The full path that must work, end-to-end:

Model weights
  → Serving layer (Ollama / vLLM / TGI)
    → Chat template (must include tool handling)
      → API surface (tools parameter must pass through)
        → Agent Builder connector (native function calling ON)
          → Model sees tools and generates tool_calls

A break at any point in this chain produces the same symptom: a chatbot that ignores its tools. And the failure is always silent.

In cloud deployments this is invisible — OpenAI, Anthropic, Google handle the serving layer for you. In on-prem / air-gapped deployments, you own every link in the chain. Know which ones can break.

Quick Reference

Before you start

Check the model's Ollama library page for the "tools" tag
Run the curl test against the endpoint with a dummy tool
Inspect the response for "tool_calls" — not just coherent text

If tools aren't working

Symptom	Cause	Fix
Model returns text, no tool_calls	Ollama strips tools (no chat template)	Switch model or use vLLM
Model calls wrong tools / bad params	Model quality issue	Try Qwen 3 30B or larger model
Connector errors in Kibana	Wrong provider type or URL	Use "Other (OpenAI Compatible Service)"
Agent works in Obs AI Assistant but not Agent Builder	Simulated mode	Agent Builder needs native tool calling — toggle ON

Useful links

This is the first post in the Medical Cohort Agent series. Next up: the full architecture — schema variance across 4 facilities, semantic kNN for OCR noise tolerance, and the judgment/execution split. The agent code is at github.com/e2llm/medical-cohort-agent.

Questions or war stories? insitu.im.

Top comments (2)

klement Gunndu • Mar 1

The silent failure mode where the model just answers conversationally instead of calling tools is something we have hit too.

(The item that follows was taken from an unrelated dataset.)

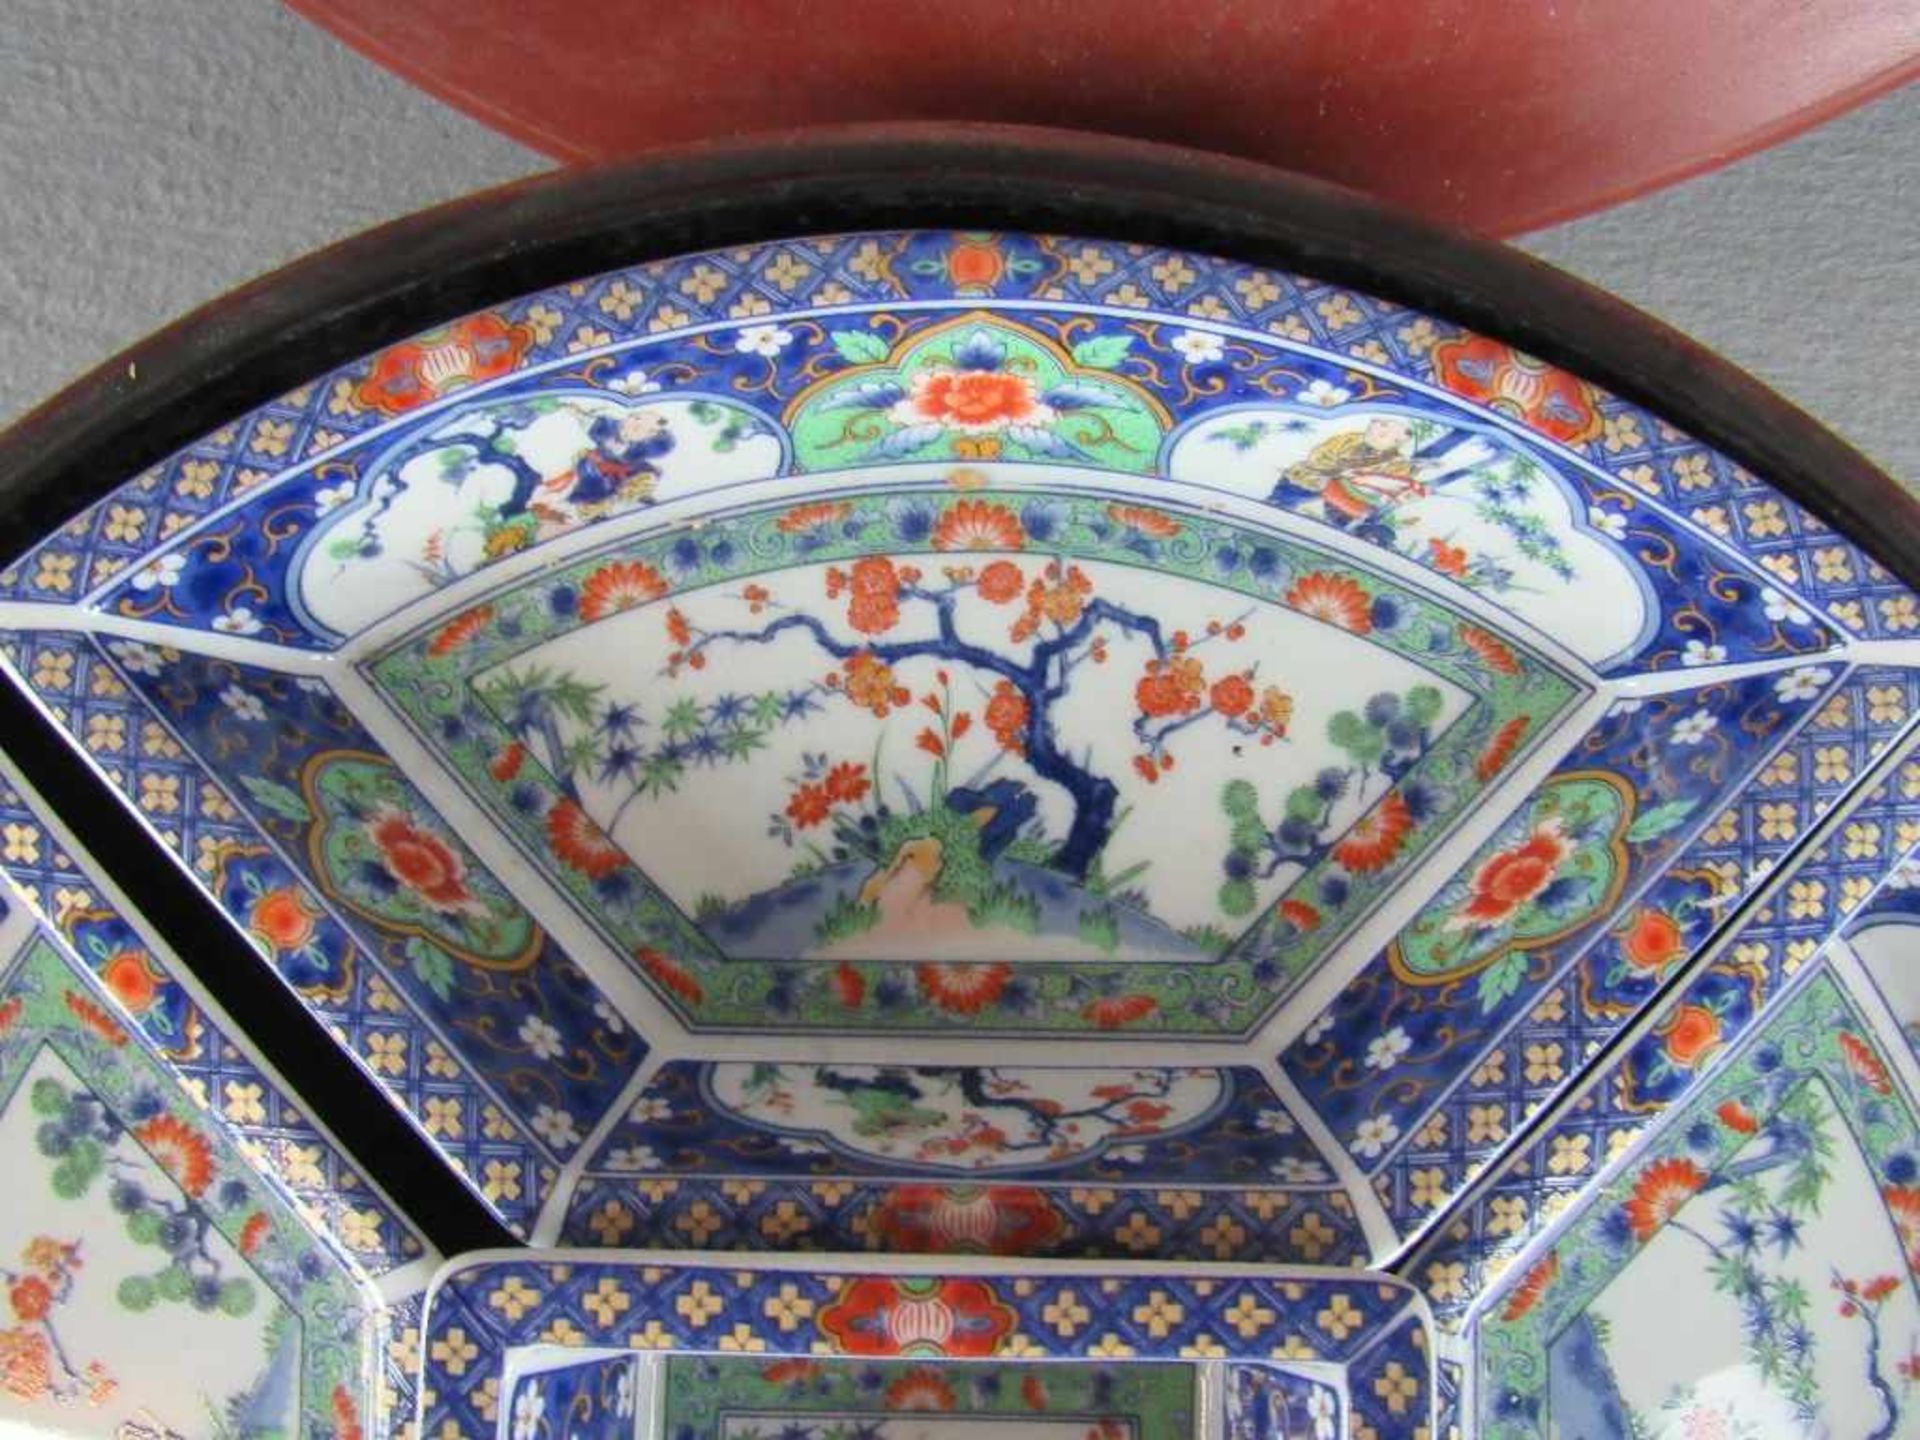 Chinesische Warmhalte bzw - Reismenagerie Schälchen in lasierter Keramik drehbare Holzschatulle - Image 4 of 5

Worth checking if the model system prompt explicitly says "You MUST use tools" — some local models treat tool definitions as optional hints unless you are aggressive about it.

Alechko • Mar 2

That said this is actually the exact trap we describe in the post 😄 we spent two days doing exactly that — "You MUST use tools", explicit examples, tool_choice: required — none of it helped. the root cause was that Ollama silently strips the tools parameter for models that don't have a validated chat template (no "tools" tag on the model's library page). The model never sees the tool definitions, so no amount of prompt engineering can fix it. the 30 second curl test in the post is the quickest way to tell if you're dealing with a prompt issue vs. a serving layer issue. If the response has no tool_calls field at all, it's not the prompt. it's the infra.